A friend of mine had warned me against eating more then 2grams TOPS of these mushrooms. I did not believe him, and of course ate the whole 3.5 grams since this was my usual dosage when it comes to mushrooms. I prepared them by making into an acidified tea, and adding some juice to it for flavor. I drank this down over a course of 15-30 minutes. Then I put on some Shpongle, the album Tales of the Inexpressible and started to meditate, already feeling the effects.

As I sat in my bed meditating, the effects continued to grow in intensity. Far past the point of a usual eighth of mushrooms. Even before I reached the peak, I was already having very strong visual effects. I could also no longer feel anything and felt as if I was floating around my room. Everything started to warp and breath, and bend in unimaginable ways. As I got up to move around and walk throughout the house (music loud enough to still hear) stuff started to get very weird. At this point my dog also could sense something was up, and would not leave my side. This usually happens when I take a larger dose of mushrooms.

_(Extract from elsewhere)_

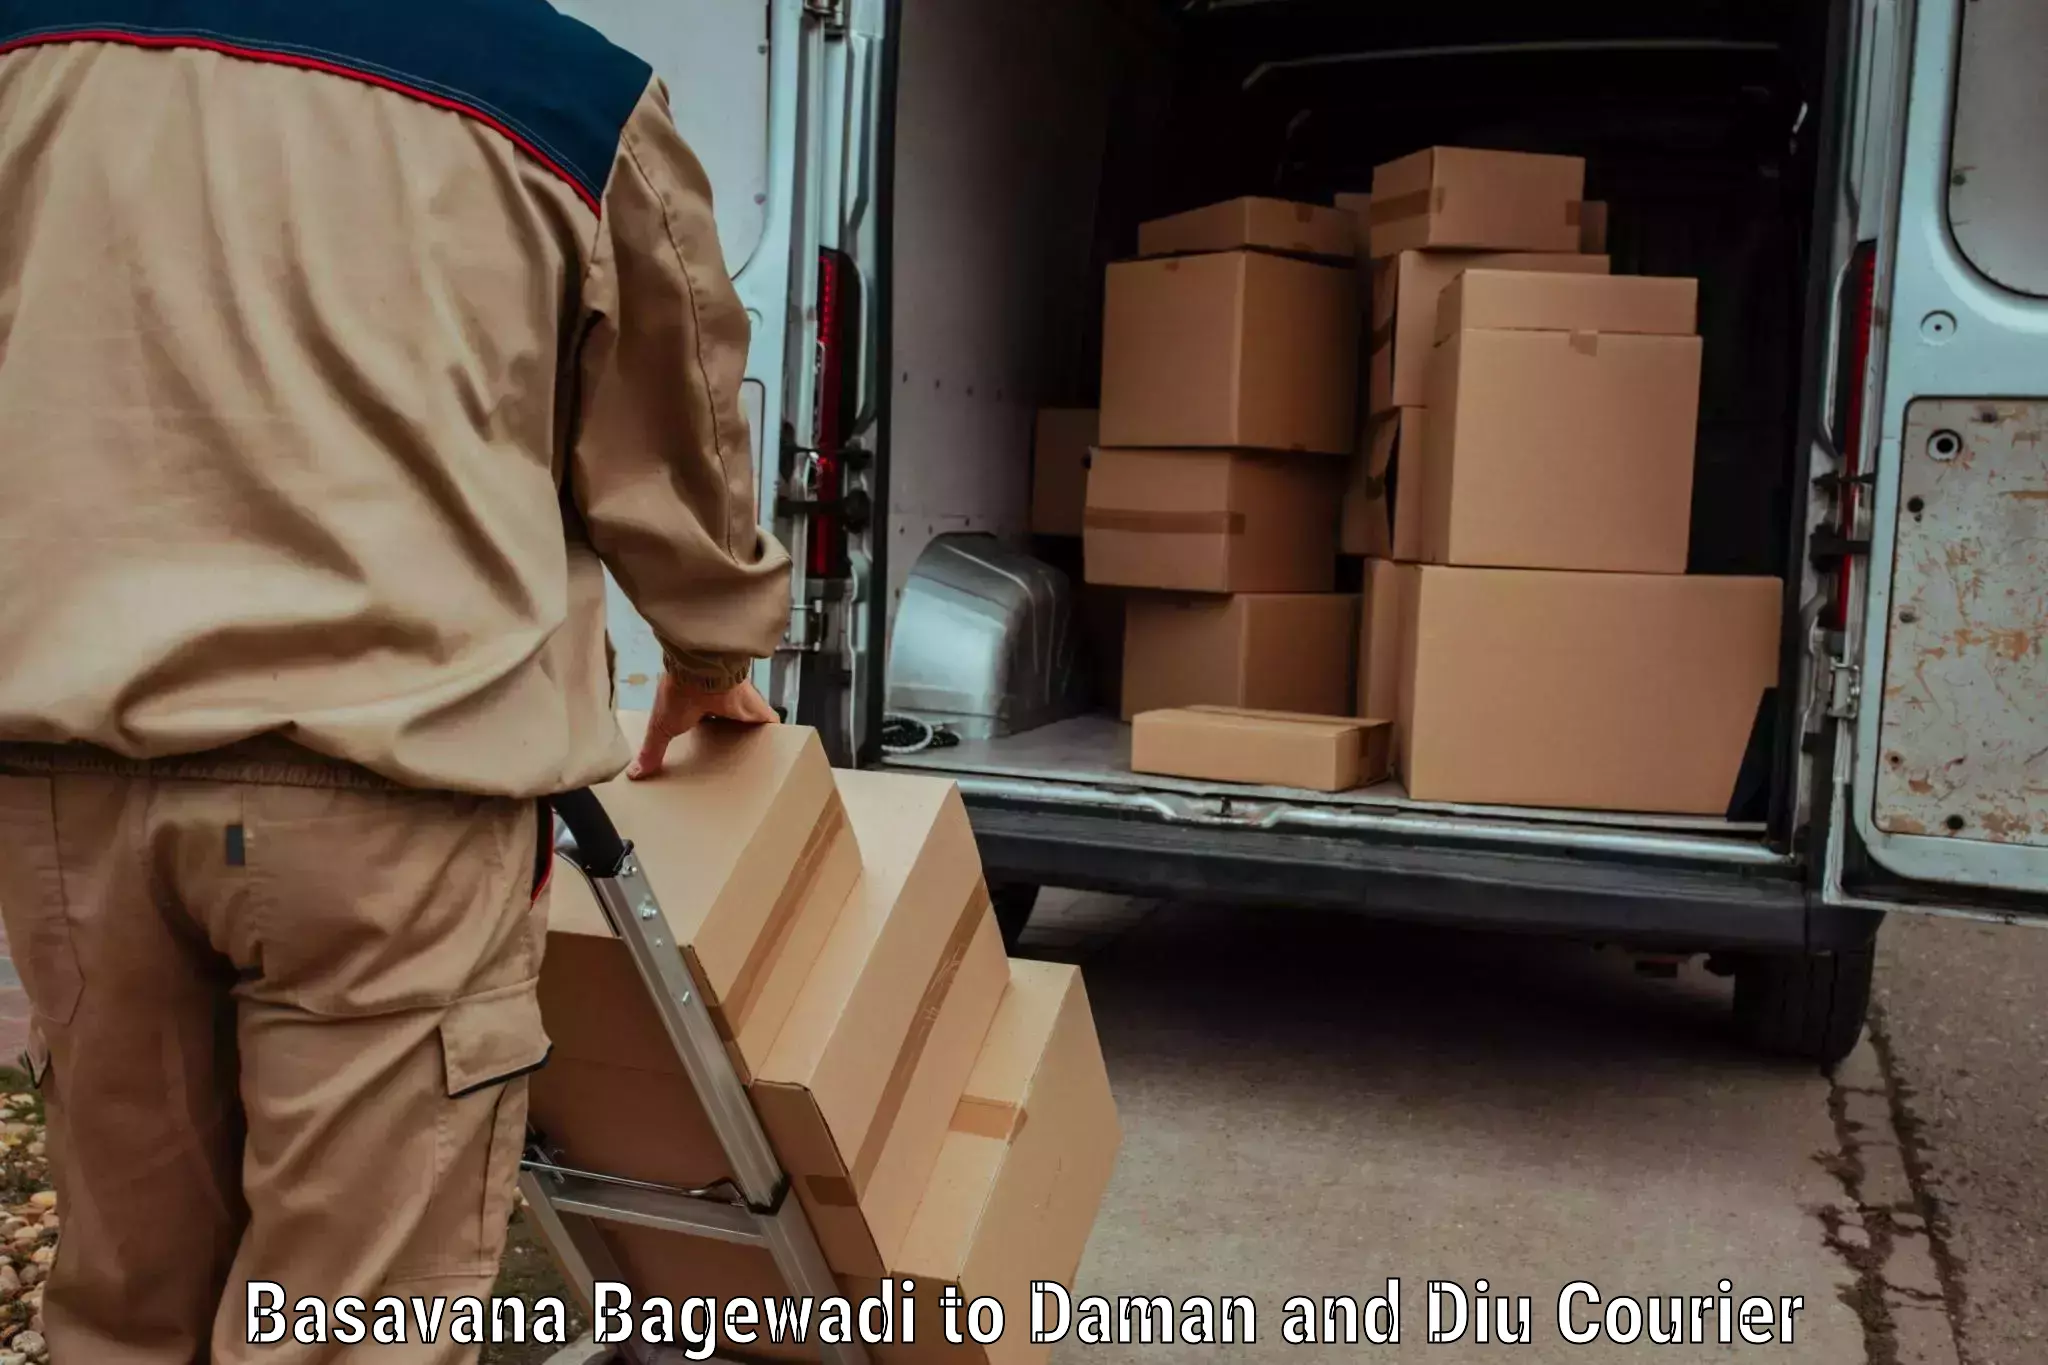 Global shipping solutions Basavana Bagewadi to Daman

Everything started to warp and bend even more, making it hard to realize where things actually were in relation to myself. Items such as lamps sitting on tables seemed to stretch out into the hallway, obstructing my path. They would shrink back to their tables, and as I would try to pass, would shoot back into the hallway again blocking my path. I knew that they really were not there, and were not blocking me, but then again I did not know at the same time. It is hard to explain.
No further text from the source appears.